2021-08-11T14:13:23.277Z [ERROR] 100.64.32.191 00040E-FRITZ%21Box-444E6D6F0761: Connection dropped
2021-08-11T14:13:23.278Z [WARN] 100.64.32.191 00040E-FRITZ%21Box-444E6D6F0761: Channel has faulted; channel="default" retries=0 faultCode="session_terminated" faultMessage="The TR-069 session was unsuccessfully terminated"
2021-08-11T14:13:23.323Z [ERROR] 100.64.32.191: Invalid session

We are at v1.2.3 and use Apache as a reverse proxy with disablereuse=On. I couldn’t attach PCAP files for pass and fail so I uploaded them here: WeTransfer

Genieacs runs multiple cwmp processes and per cwmp process it will launch the ext script at first use. This loading processes takes time. (I thought I have this issue, because on load my scripts connect to mariadb)
So at my production ACS on reboot the first 16-20 devices will have the problem of an unterminated Connection, but it does not matter for me.

If it is a new device, it will not receive the provisioned tag.
As long it does not have that tag, I set an inform Intervall of 30 seconds. So it will try again in 30 seconds.

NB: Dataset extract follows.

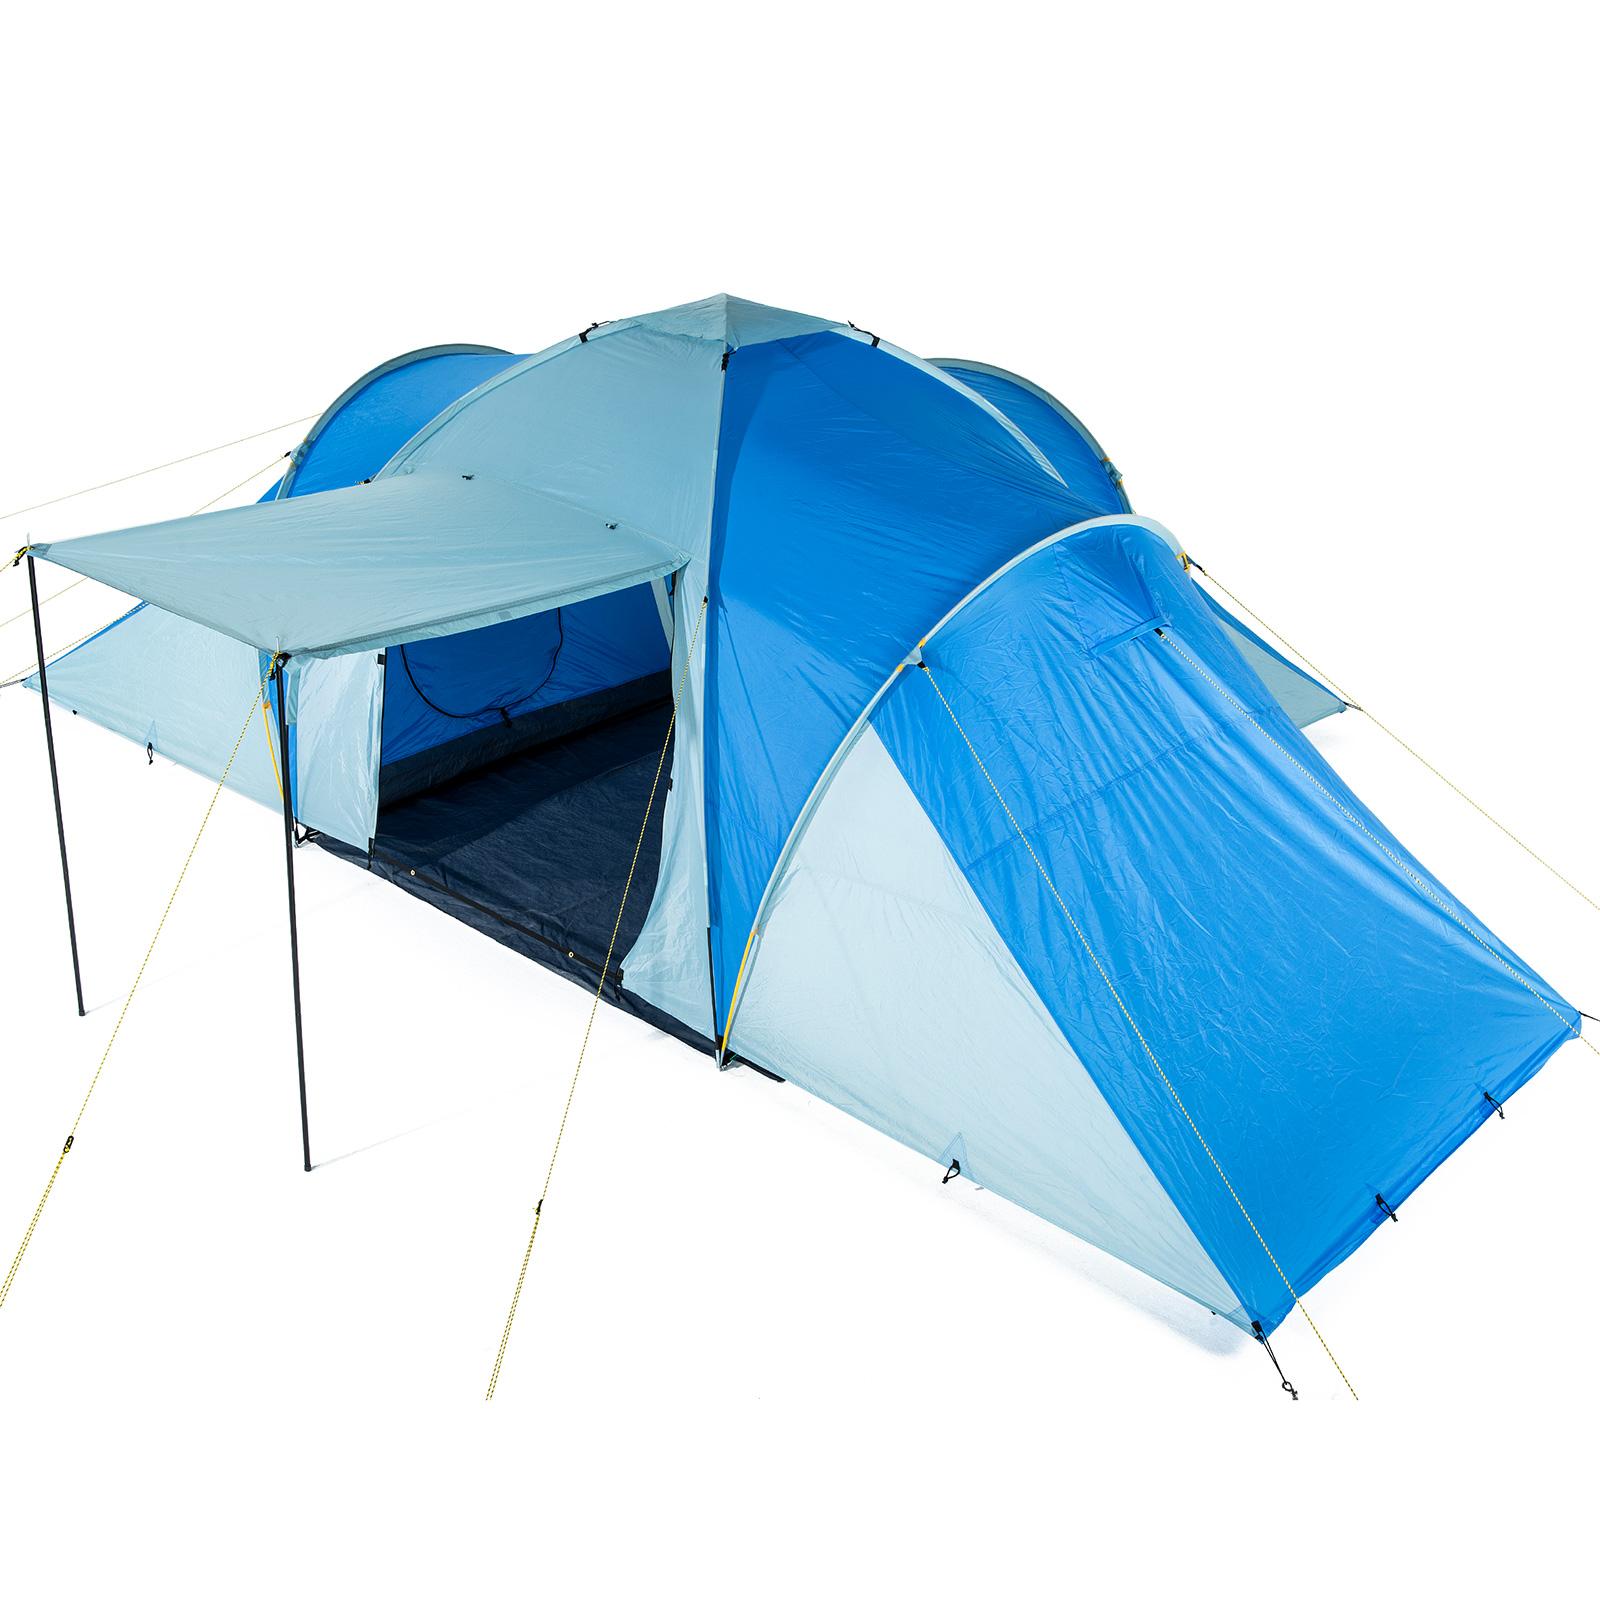 Muebles de camping de segunda mano sharemedoc - Segunda mano camping ...
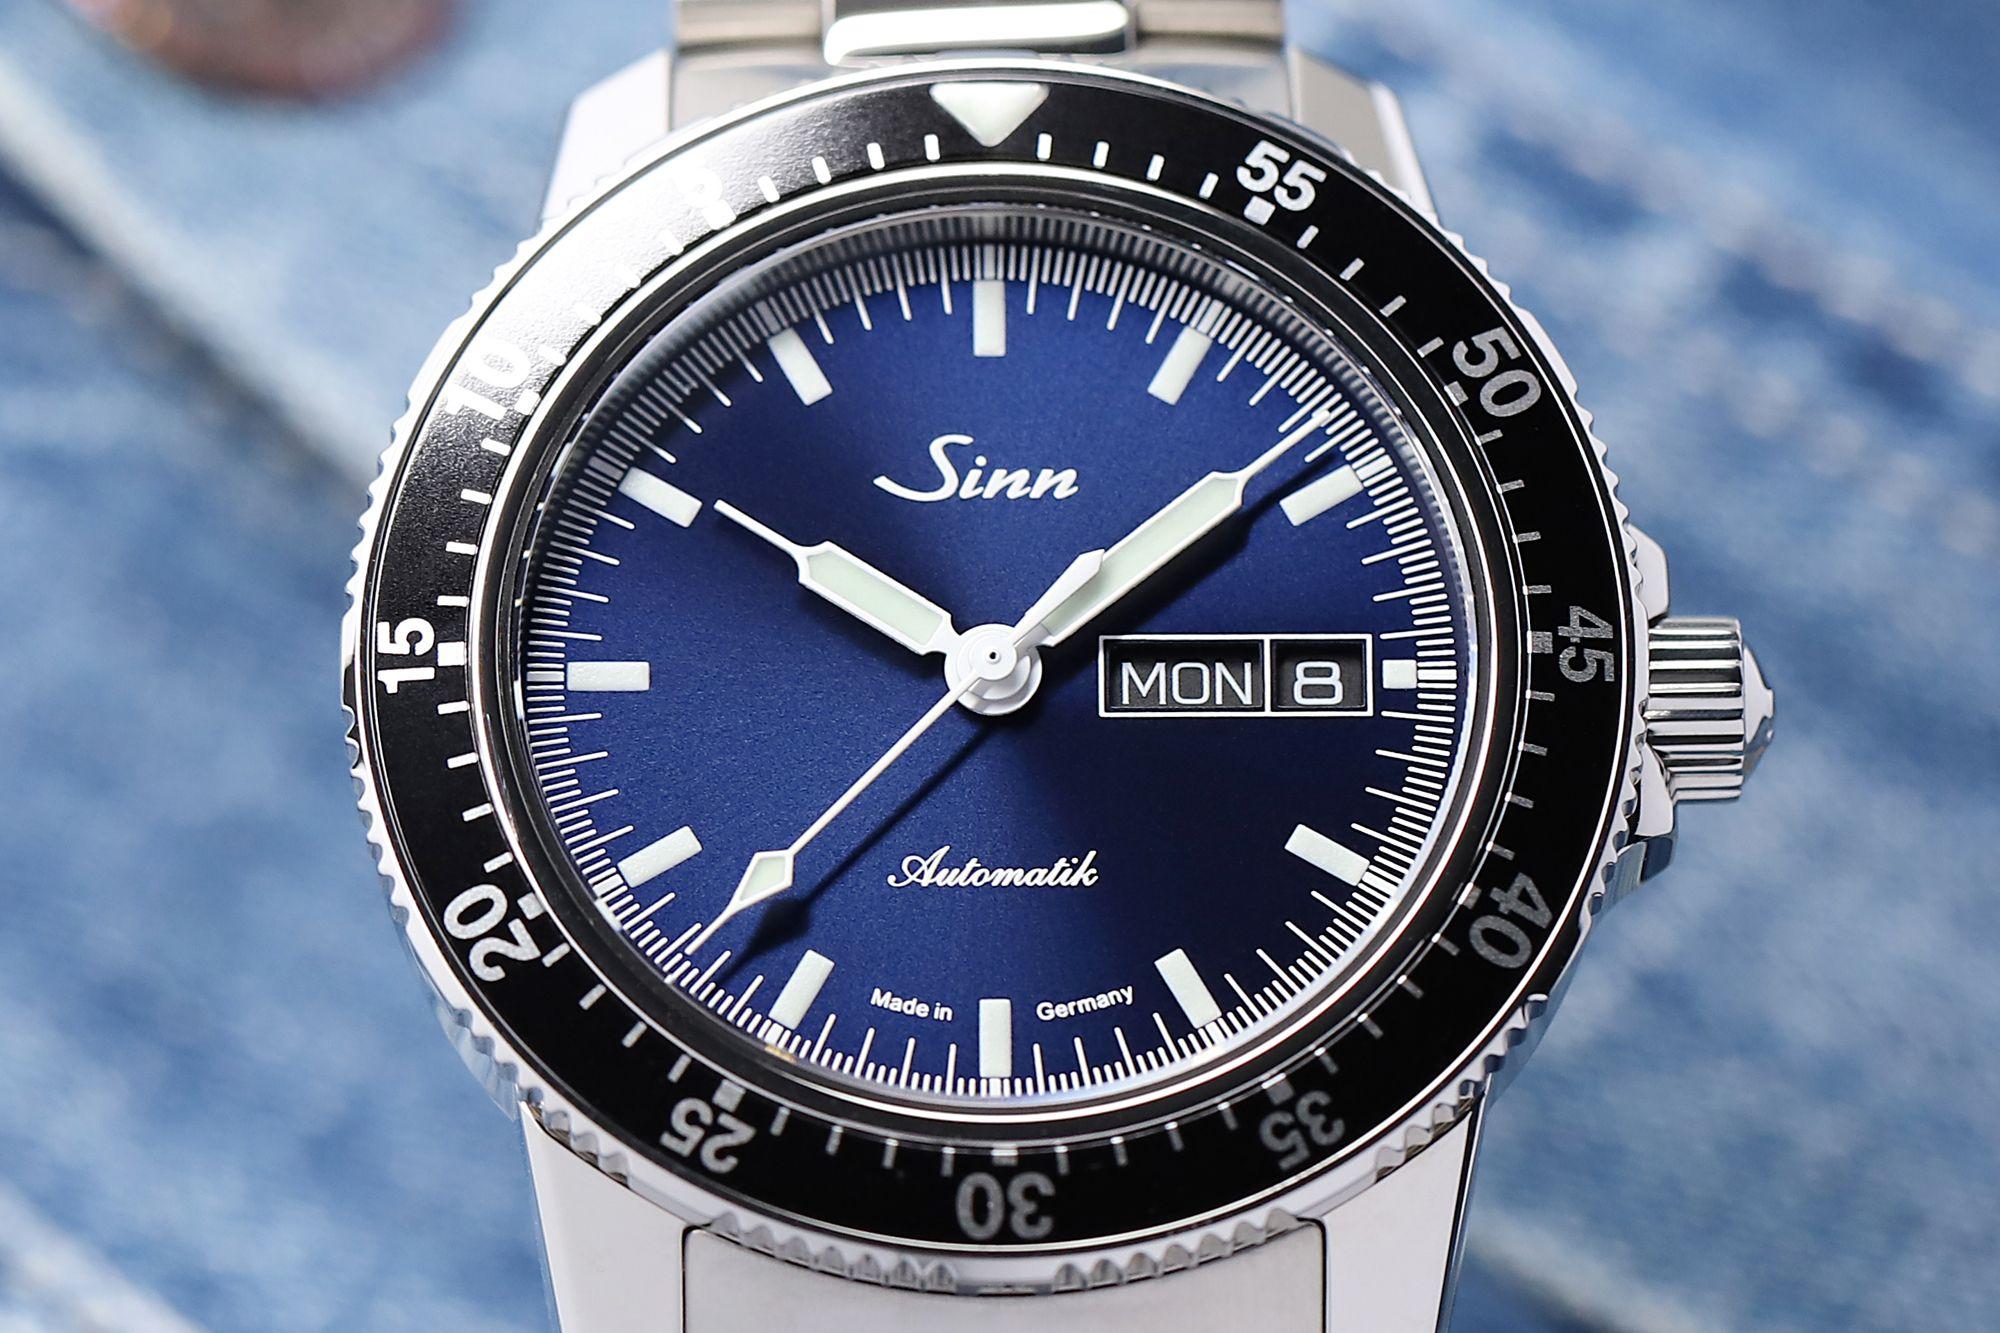 ba51be9b7d9d28 SINN 104 St Sa I B - the classic pilot watch with dark blue dial / SINN 104  St Sa I B - la montre de pilote classique avec cadran bleu foncé ...

I am running behind nginx.

Thanks, I did set the number of CWMP workers to one (GENIEACS_CWMP_WORKER_PROCESSES=1) and restarted genieacs-cwmp. As you said, the first time I’ll get a session_terminated. For the next couple of informs it seems fine. However, I still get an occasional session_terminated roughly in 10% of the cases. From my observation GenieACS won’t try to run the provision for next five informs after a fault happend. Afterwards the fault is cleared and normal operation continues.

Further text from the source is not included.